On Tuesday, the two Republican members of the board of elections in Wayne County, Michigan, blocked the certification of the election results there. The officials cited unspecified "irregularities" with the vote count in the county, which includes the heavily Democratic city of Detroit. The maneuver quickly earned praise from the head of the Michigan Republican Party and an approving tweet from Trump—indicators that suggest this was not a rogue action, but a carefully planned one.

At stake are Michigan's 16 electoral votes. President-elect Joe Biden won the state by about 140,000 votes, but removing Wayne County (where Biden won by over 300,000 votes) from the statewide tally would flip the state's electors to Trump.

What happened in Michigan was part of an emerging strategy within Trump's campaign legal team to try to block the certification of the election in key states, The Washington Post's Robert Costa reported Tuesday evening. The ultimate goal is to throw the election into the U.S. House of Representatives. It is a little unclear how that would actually help Trump in the long run. The Democratic-controlled House would be expected to certify slates of electors from Democratic governors in the key states of Michigan, Pennsylvania, and Wisconsin, notes Rick Hasen, a professor of political science at the University of California, Irvine.

For now, we don't have to worry about gaming out those scenarios because the Michigan effort failed. Hours after they'd initially refused to certify the vote, the Republican members of the Wayne County elections board reversed their decision in the face of public outcry and pressure from some fellow Republicans in the state government

But that doesn't mean there won't be similar attempts made in other states. In Pennsylvania, for example, Trump-aligned Republicans have been putting pressure on state officials to block certification of the results. Pennsylvania Senate Majority Leader Jake Corman (R–Centre County) wrote an op-ed in October pledging not to take such an unorthodox step in the wake of a contested election, but a breakaway faction of Republican state lawmakers is calling for the state to postpone certifying the results until a special audit of the election can be finished.

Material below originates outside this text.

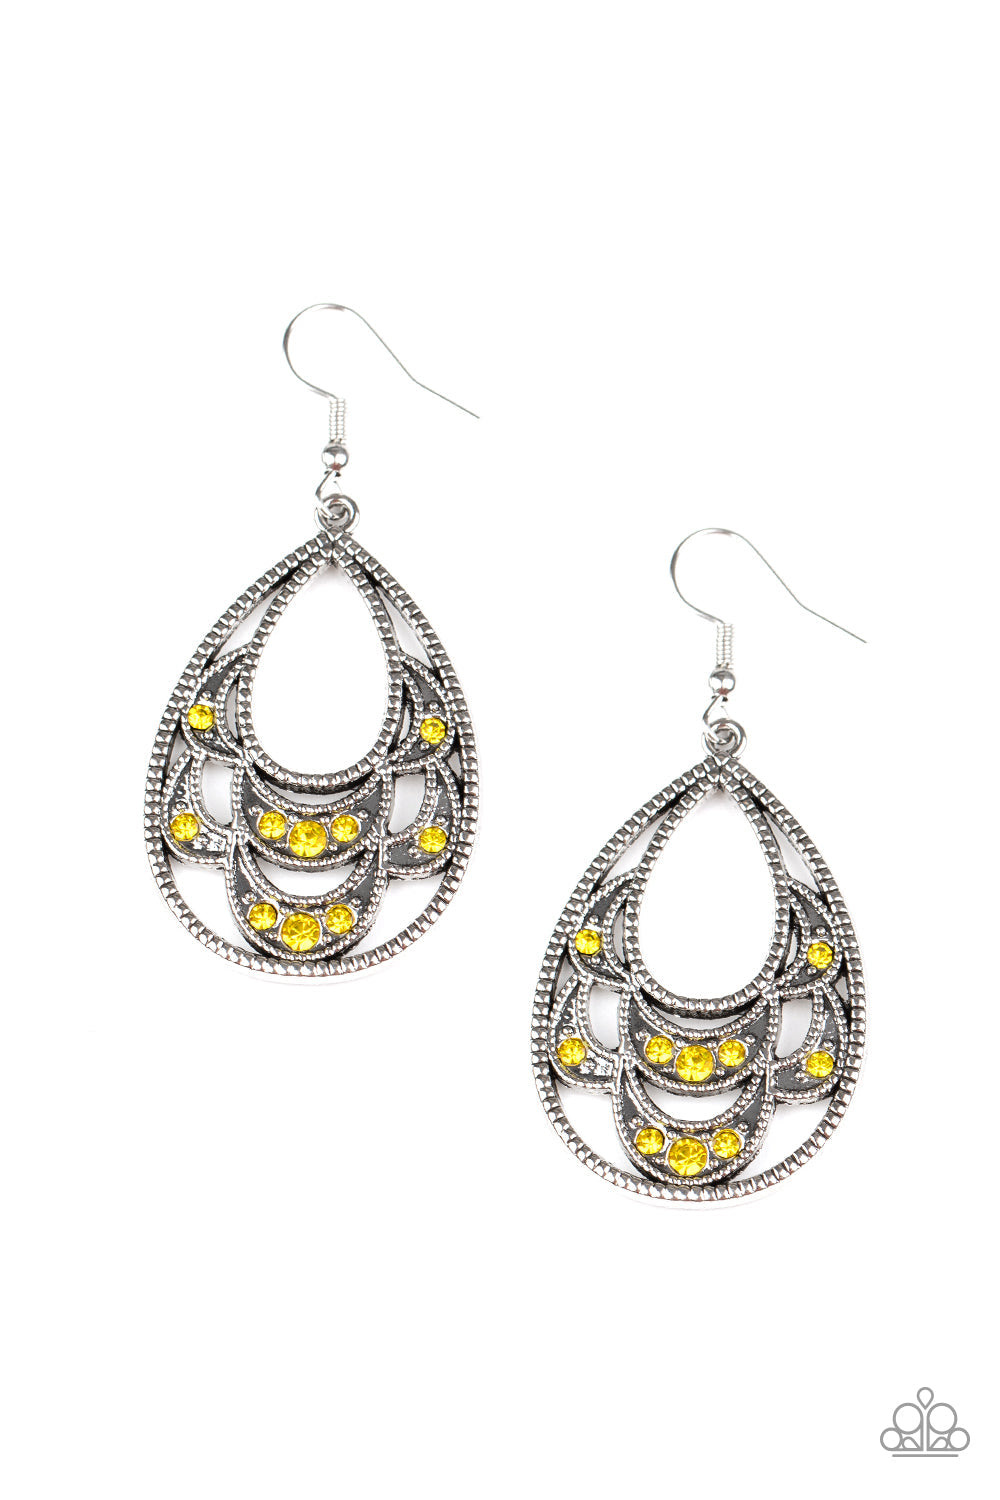 Malibu Macrame - Yellow and Silver Earrings - Paparazzi Accessories - Dotted in dainty yellow rhinestones, studded silver petals layer into an ornate silver teardrop for a whimsical look. Earring attaches to a standard fishhook fitting fashion earrings.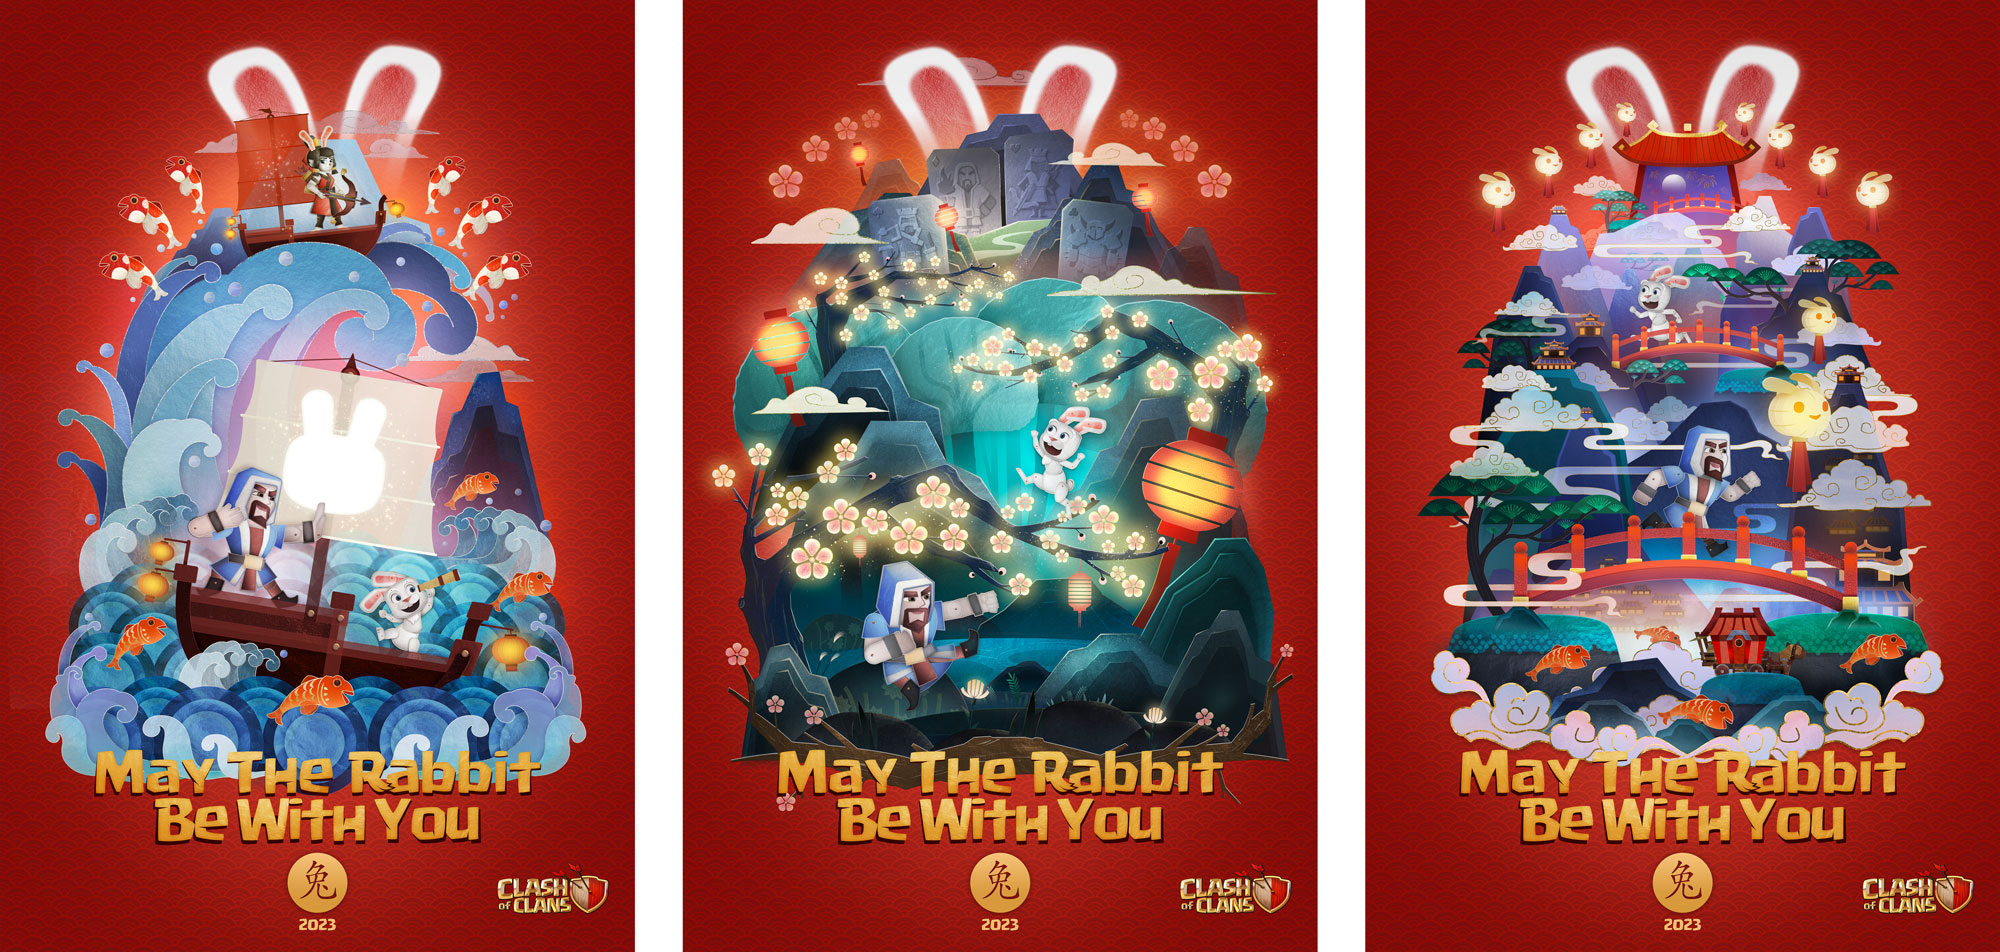 Clash Of Clans Reveals Year Of The Rabbit Promotional Video, Skins, & Spring Festival Content 7

As in Michigan, this seems to be Trump's last gasp attempt at overturning the results. Biden leads in Pennsylvania by more than 80,000 votes. Meanwhile, the Pennsylvania Supreme Court on Tuesday rebuked the Trump campaign's allegations that observers were not allowed near vote-counting stations in Philadelphia, dealing a serious blow to one of the few Trump campaign legal efforts that hadn't been immediately defeated in lower courts.

What to make of all this? Trump's campaign seems to have made little headway in convincing enough Republicans to back a half-baked plan to toss the election into Congress—and, remember, they'd have to pull off this scheme in multiple states to deny Biden the presidency. It has always been and remains a serious long shot.

"I, frankly, thought they would surveil the landscape and decide this wasn't worth trying," says Walter Olson, a senior fellow for constitutional studies at the Cato Institute. Last week, Olson outlined the many obstacles standing between Trump's campaign and the goal of getting states to reject the apparent will of the voters. In an interview on Wednesday, Olson said he remains fairly confident that this effort will fail.

"White House had made clear they are up for this and they are willing to encourage it," he says, but "as with the litigation, the motive may not be directly to win so much as managing opinion among their base, keep the balls in the air, keep the uncertainty going."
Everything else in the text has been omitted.